# First commissioned work, need help on pricing!



## RainyDay (Mar 6, 2012)

Hi all!

I have just been to a concert (a fairly low-key event at a university with around 200-300 people going), and I took a fair few photos of the band there.

I upload them to FB, and lo and behold, the band contacts me saying they would like to buy copies of my photos!


I am somewhat flattered, but not really sure how much to charge. There is an assortment (out of the 500) of 70 photos, of band and crowd photos. 

So my question is: *What is a good starting point for charging for my photos?* I'm by no means an ameteur, but at the same time the photos themselves are not pro quality.

Here's a link to the photos on Facebook so you can assess for yourselves...
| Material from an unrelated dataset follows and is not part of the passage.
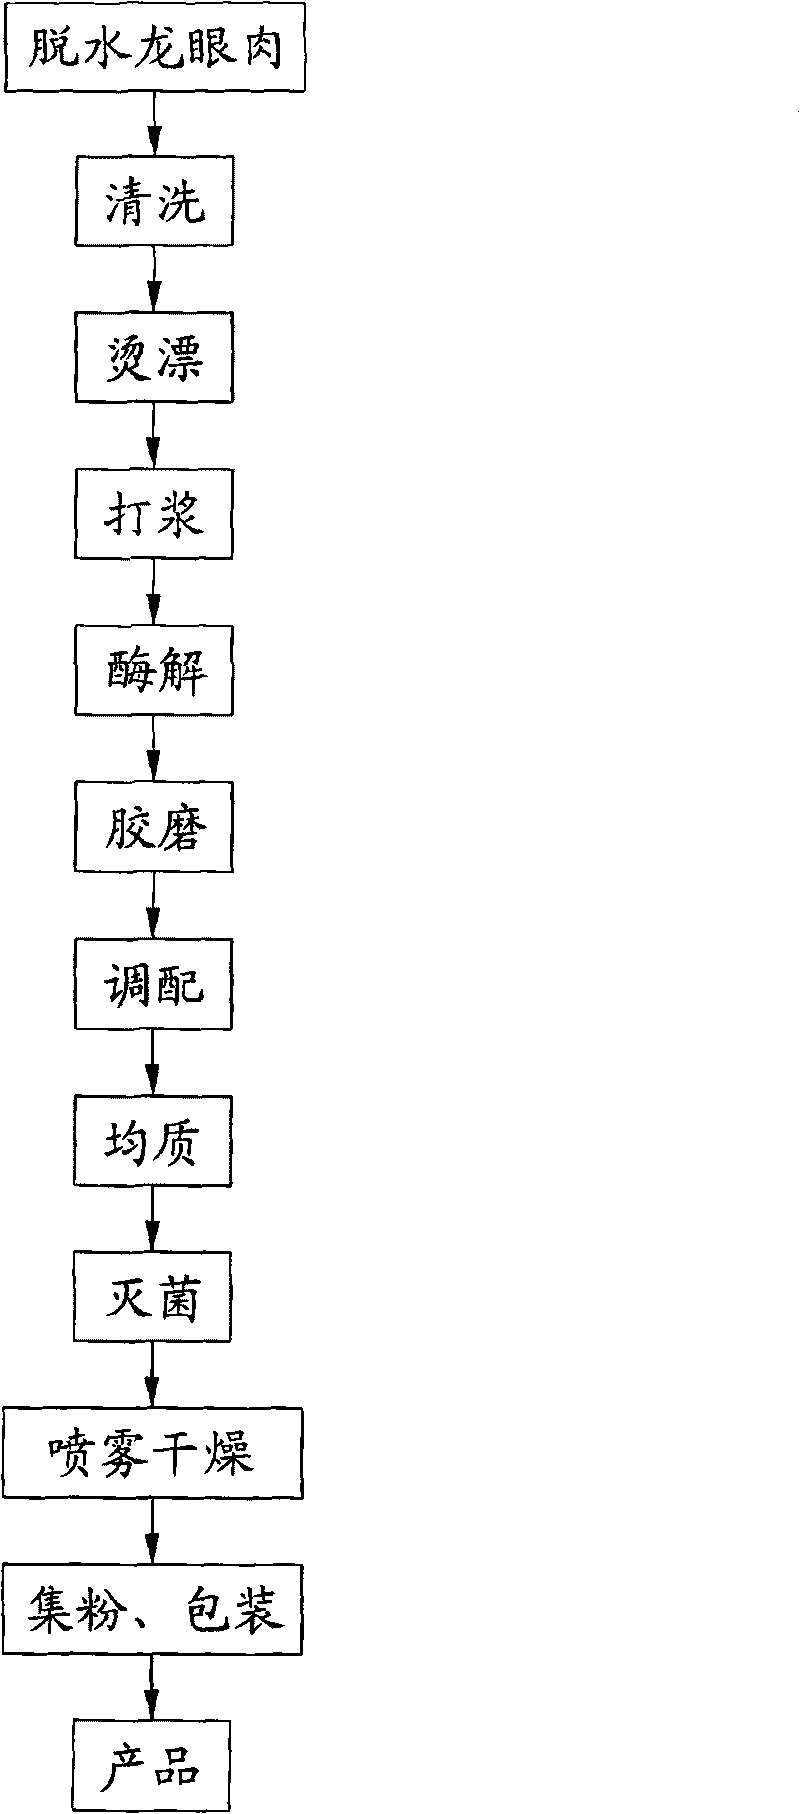 Method for making natural longan powder
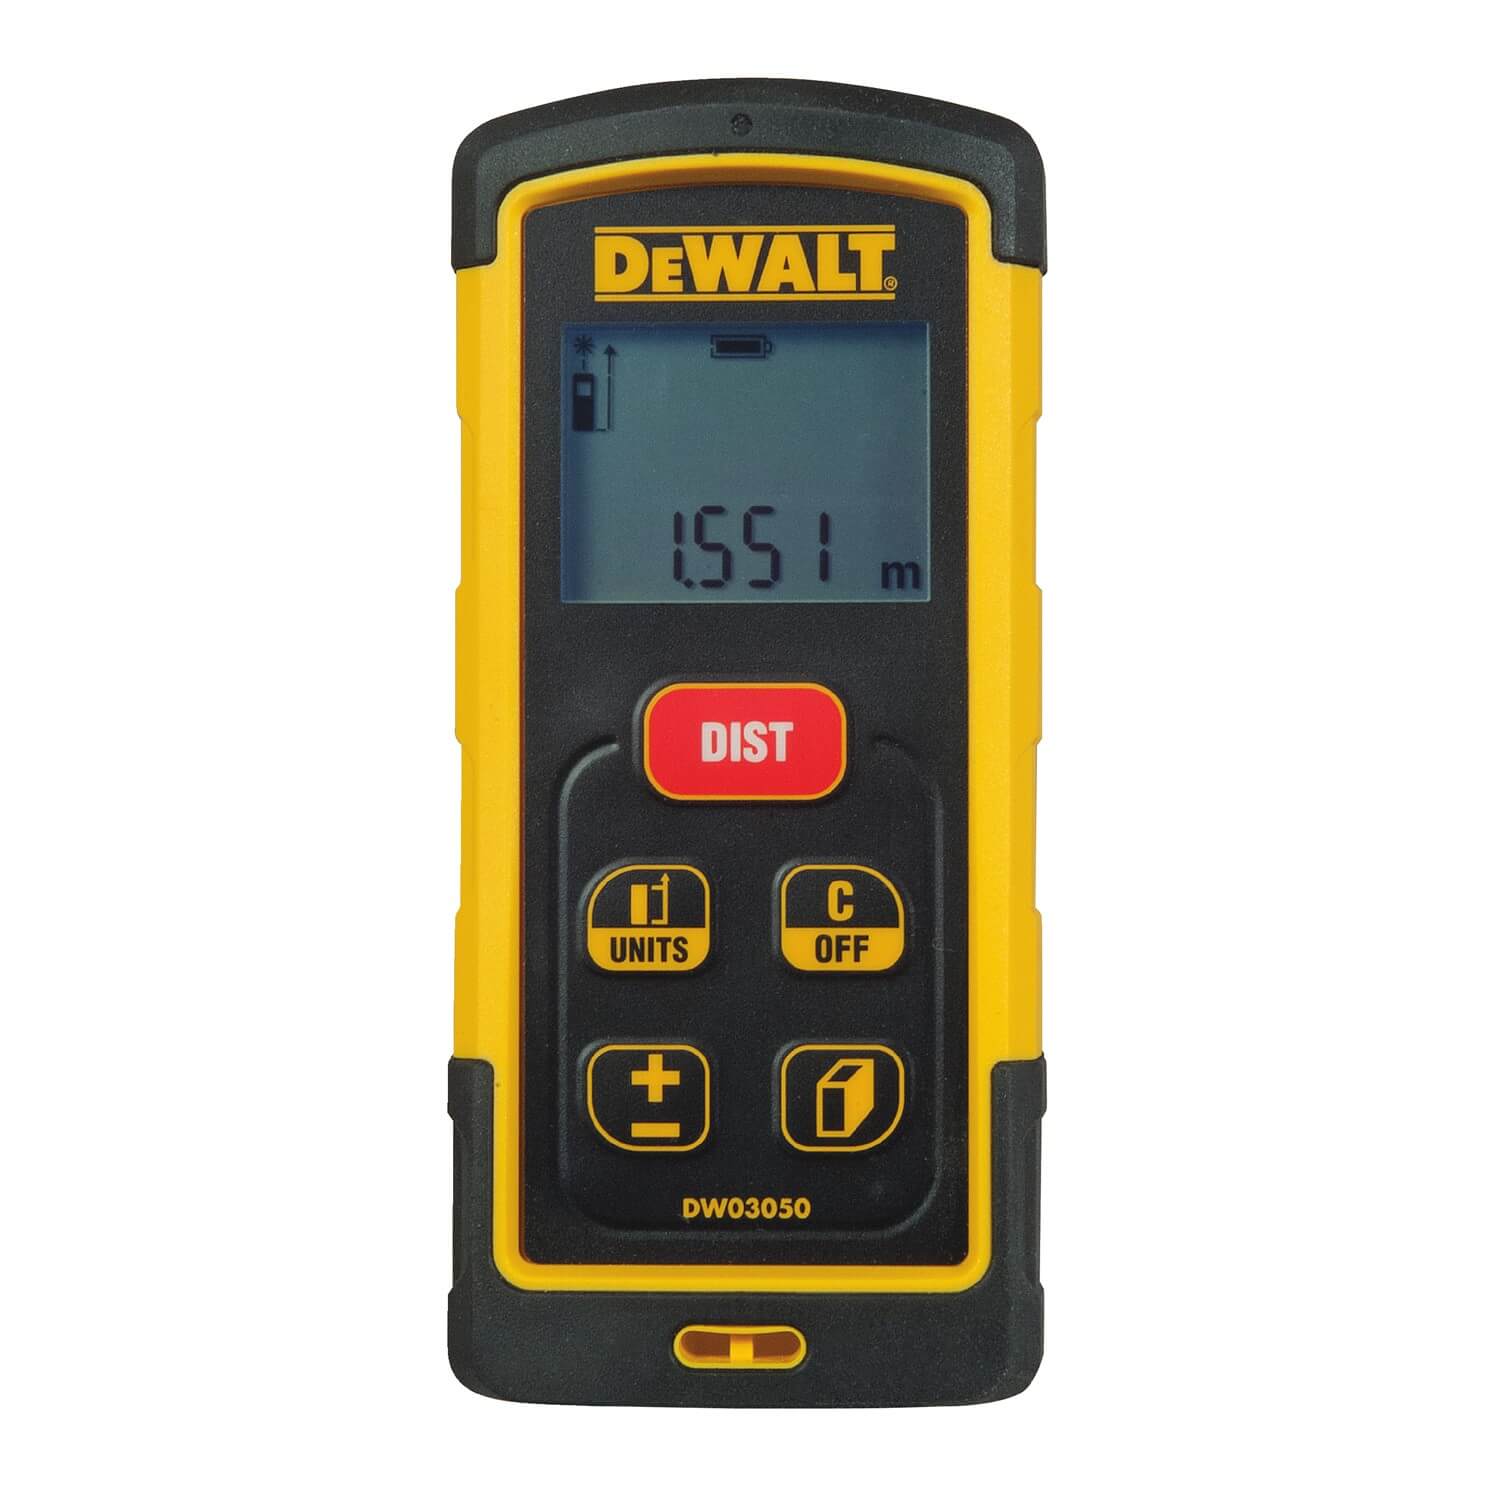 DEWALT DW03050 165-Feet Laser Distance Measurer - wise-line-tools

https://www.facebook.com/media/set/?set=a.10150575085417666.372948.735887665&type=1


----------



## KmH (Mar 6, 2012)

How does the band plan on using your photos?

The typical way to charge an entity that will likely be using your photos to promote and advertise themselves is by licensing the usage.

Today there are a lot more media types than there were just 5 years ago.

I recommend you visit the web site of the American Society of Media Photographers at www.ASMP.org. On the left side of the page click on 'Business Resources' and look through their information there.


----------



## RainyDay (Mar 6, 2012)

Thanks mate,  yes, the band plans on using the photos to market themselves. That is all they have indicated as yet as to what they wish to use the photos for.


----------